Fiamma Lanza loved a good funeral. The drama. The antics (who was going to throw themselves onto the casket and holler "I'm coming with you!" this time). As the matriarch of a big Italian family, funerals were another chance to get everyone together. Her favorite part was after, of course, gossiping with her sister about how everybody looked, like the time that show-off Angela Francis kneeled in the front of the room—suddenly, all holy—and had TJ Maxx stickers on the bottoms of her shoes! But this funeral is different. It is her own.
*
Book, fiction: The Friendship
Status: One day I will write this...
When a woman befriends her young son's teenaged [some team] coach, the whole town starts whispering—then explodes.
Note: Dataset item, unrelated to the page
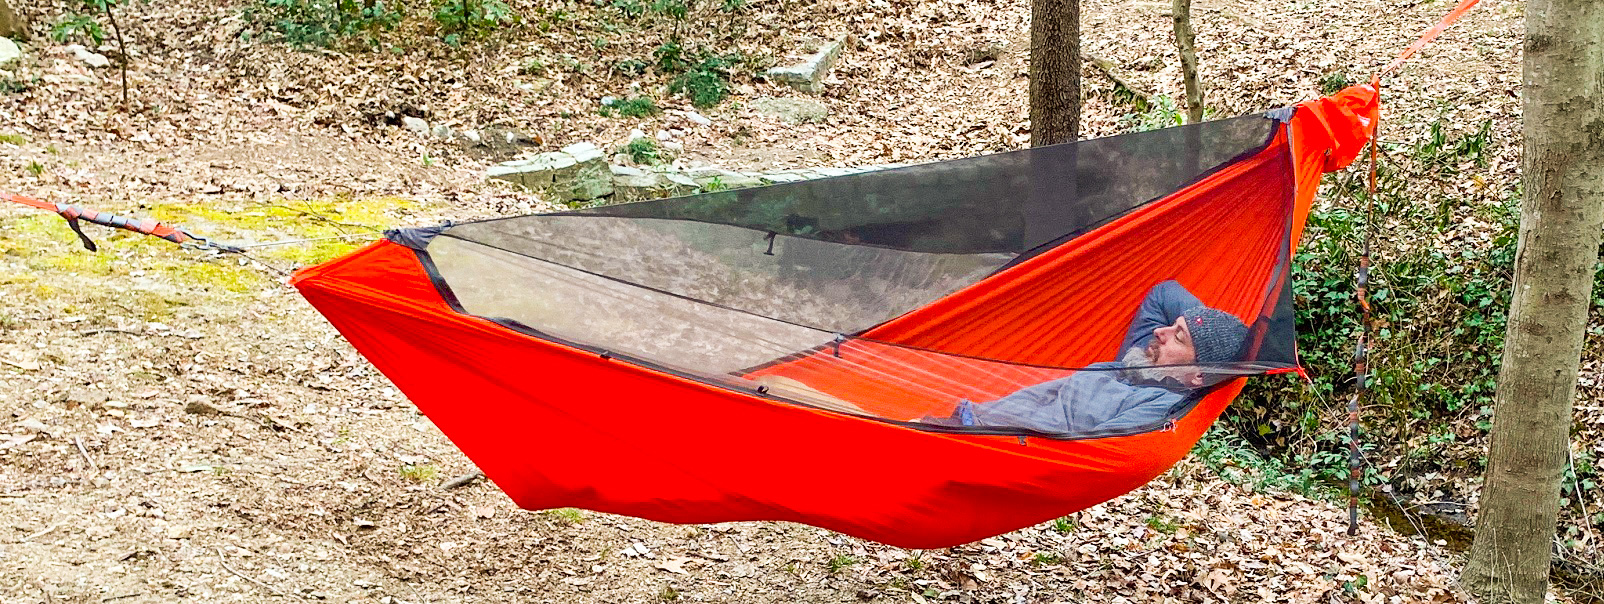 Mantis - a lightweight universal tent-hammock
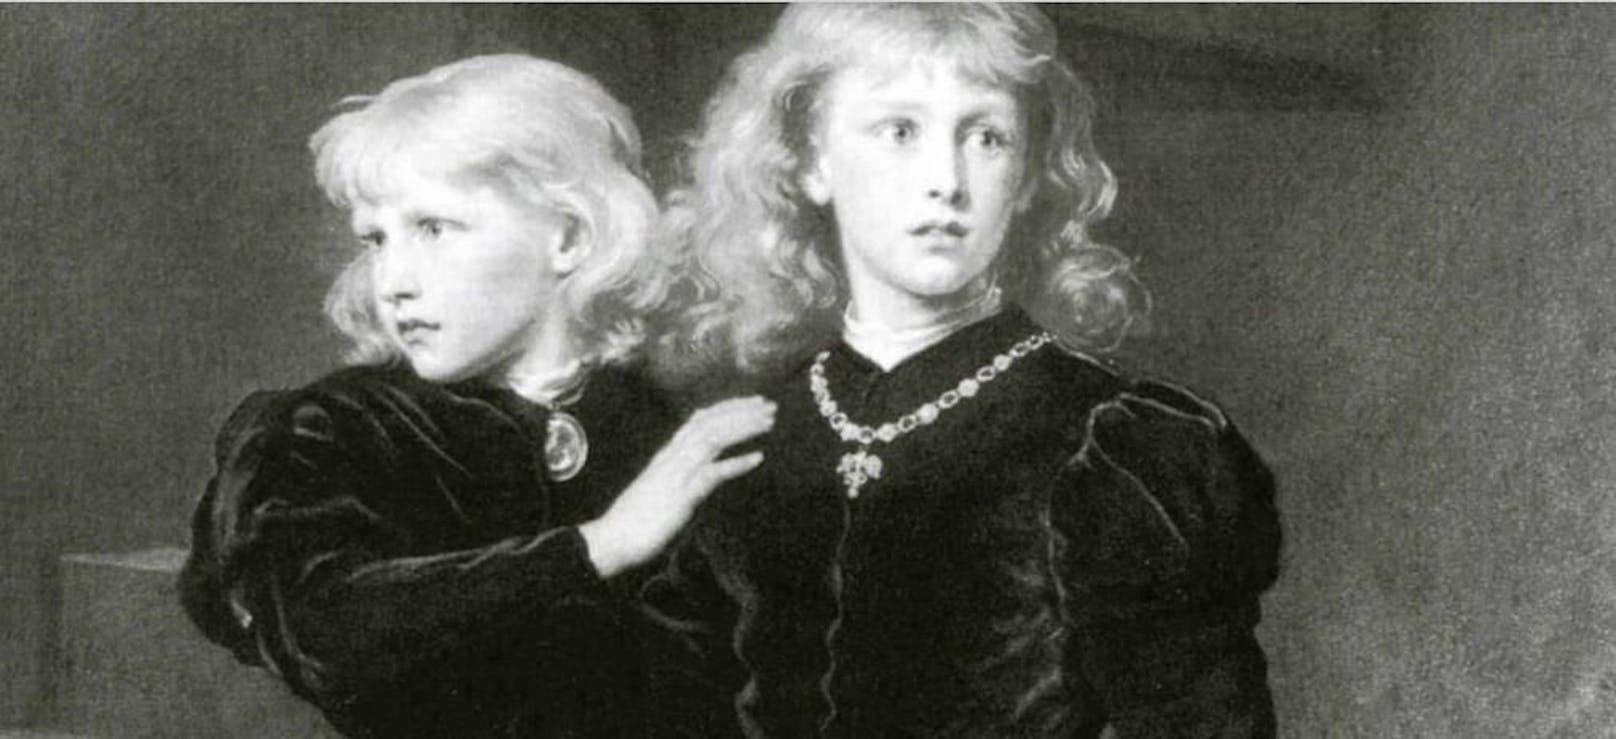 Prinz Edward V. (rechts) und sein Bruder Richard verschwanden im Jahr 1483 spurlos im Tower von London

They don't understand the nature of the relationship, platonic, she, a young mother grappling with fear and isolation, he, a precocious young man who has experienced profound grief in his lifespan, leaving him wise beyond his years...Here is a story about secrets, innocence, and the danger of presumptions.
*
Screenplay: Snow Day
Status: Complete
"A woman stuck home with her kids on a snow days texts with her four college friends. As the snow melts, complexities get revealed in this exploration of motherhood, marriage and past and present selves."
It's like Tully meets Sex and the City, with a little bit of The Hours, without being 100% depressing.
*
Screenplay: Me, You and the Winter
Status: I'll write this next winter. If I don't leave my house and let my kids microwave their own mac-and-cheese dinners and not raise their eyes from their iPads, it will take me one week.
"A woman at odds with her teenaged children after announcing separation from her husband adopts a mountain dog. In trying to teach the dog how to behave in society, she learns how to live with those within her home."